Portrait of Lord Dunmore is a 1765 portrait painting by the British artist Joshua Reynolds. It depicts the Scottish aristocrat and soldier John Murray, 4th Earl of Dunmore, best known for his role as Governor of Virginia during Dunmore's War and the early stages of the American War of Independence. A former Jacobite, he served in the British Army during the Seven Years' War. As Governor of Virginia he issued Dunmore's Proclamation in 1775, encouraging escaped slaves to take up arms for the Loyalist cause.

Dunmore is shown at full-length as a Highland magnate, with a claymore and other weapons.
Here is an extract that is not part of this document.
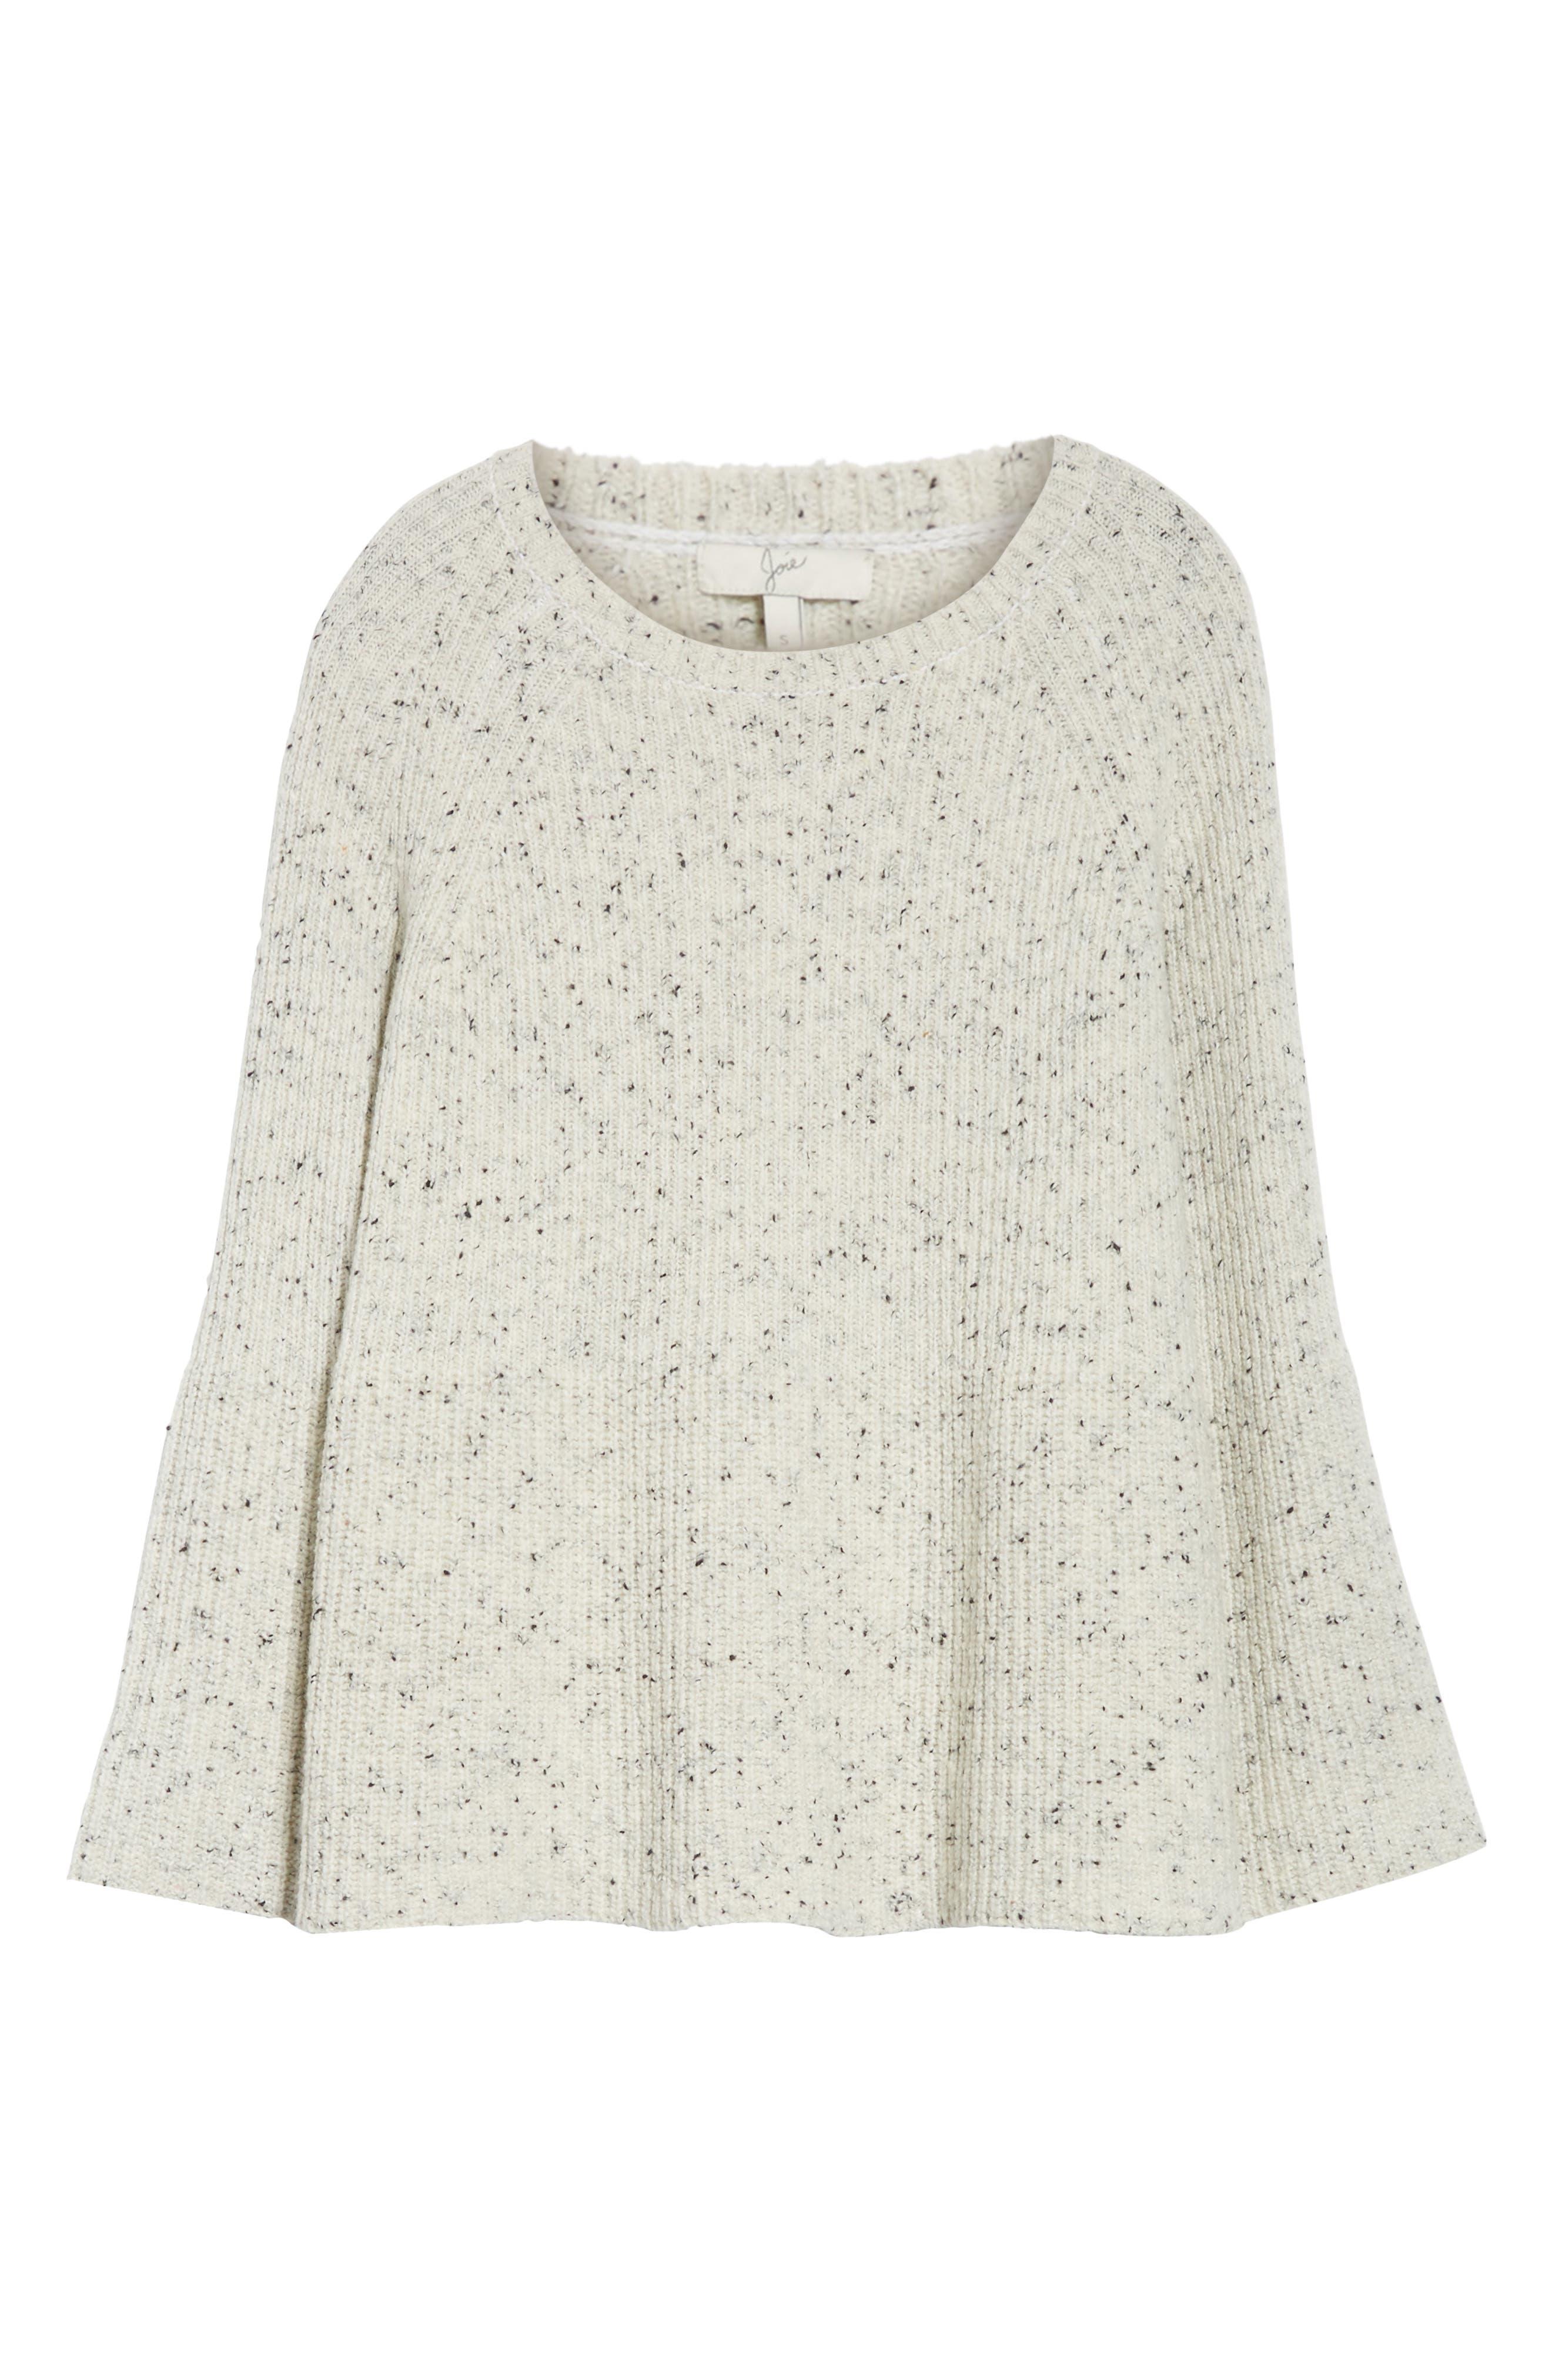 Paden Wool Blend Sweater,                             Alternate thumbnail 6, color,                             114
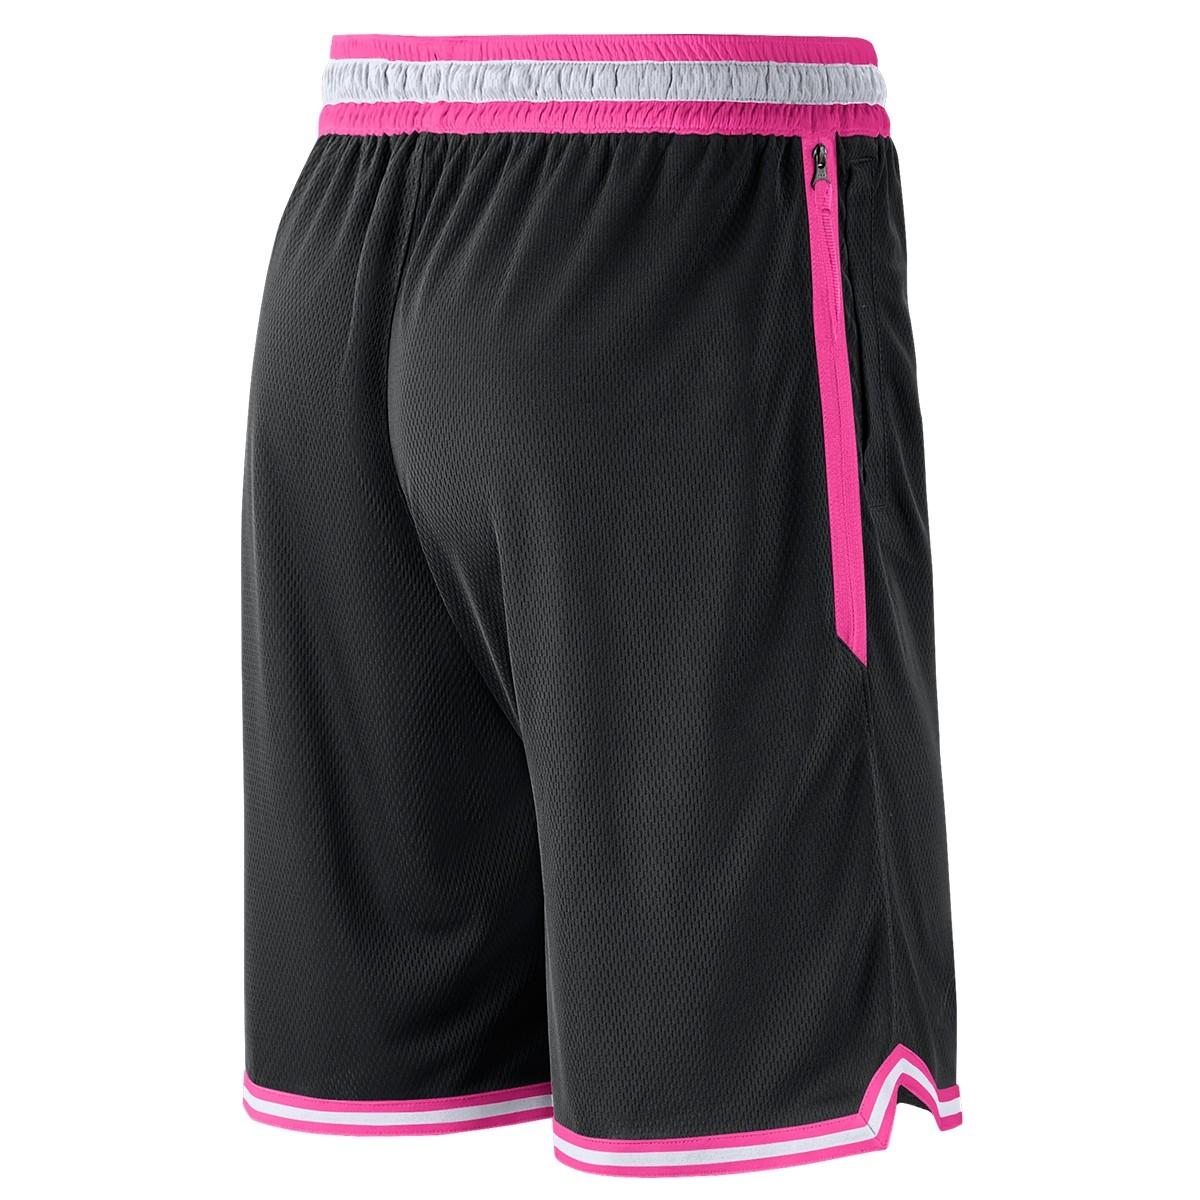 Nike Short Team 31 DNA 'Black'-CN9700-010

Reynolds was a leading portraitist of Georgian Britain, who was elected the first President of the Royal Academy in 1769. The painting is today in the collection of the Scottish National Portrait Gallery in Edinburgh, having been acquired in 1992.

==Bibliography==
- David, James Corbett. Dunmore's New World. University of Virginia Press, 2013.
- Frye, John. Hampton Roads and Four Centuries as a World's Seaport. Edwin Mellen Press, 2007.
- Postle, Edward (ed.) Joshua Reynolds: The Creation of Celebrity. Harry N. Abrams, 2005.